FIX: phpBB forum cause high bot/spider server load and traffic

Questions and discussion about web design, search engine optimisation and hosting
Santeri
Posts: 319
Joined: 2017-7-5 09:58

Unread post by Santeri » 2024-5-12 07:07

If all bots are not properly added to Spiders/Robots in phpBB Administration Control Panel (ACP) GENERAL/QUICK ACCESS settings, they will cause excessive load and traffic on the web server. This happens because bots will get every single URL with a different SID and therefore consider them as different pages. They keep crawling those pages and getting all the time new pages. When a bot is properly detected, phpBB will return it pages without SIDs as well as prevent access to pages like cron where there is absolutely nothing useful to find.

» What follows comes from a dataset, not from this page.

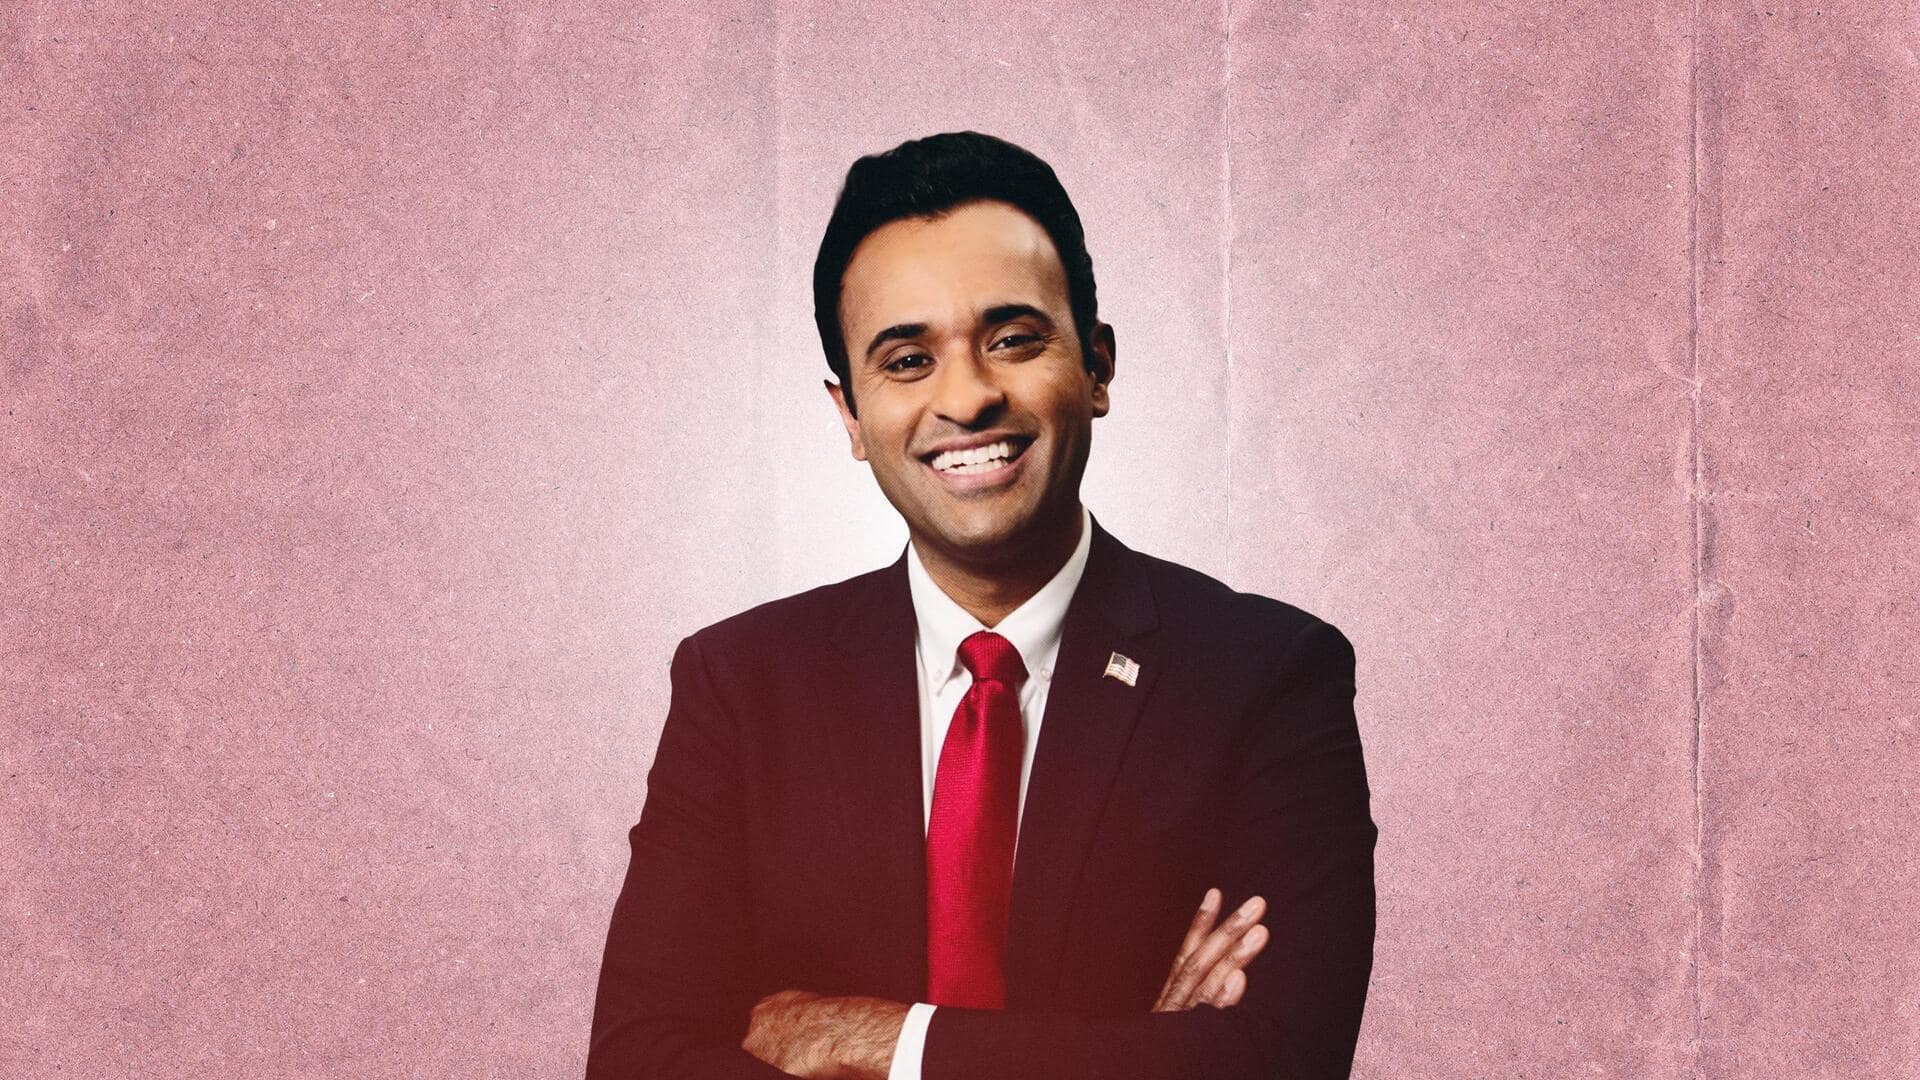 All about Vivek Ramaswamy, running for US president

As a fix, you can a generic bot to your forum that will catch all current and new bots which are not already specified in Spiders/Robots. Simply add there a new bot using the following values:

Code: Select all

Bot name: Unspecified bot
Agent match: bot
FIX: phpbb forum has high bot/spider server load and traffic This will make sure that all bots that have the string "bot" present in http User-Agent header. I proposed adding the configuration to phpBB by default, but they seem to have deleted my account and idea so it is not likely to be part of phpBB any time soon: https://www.phpbb.com/community/viewtop ... #p16011421

A quick experiment showed that catching all bots can reduce the load 90% and traffic 50%. This can be a viable alternative for blocking all bots from visiting the forum. The problem remains how to find and mark all current an future bots, because if any of them is not detected, they will start indexing SIDs.

Happy hacking,

Santeri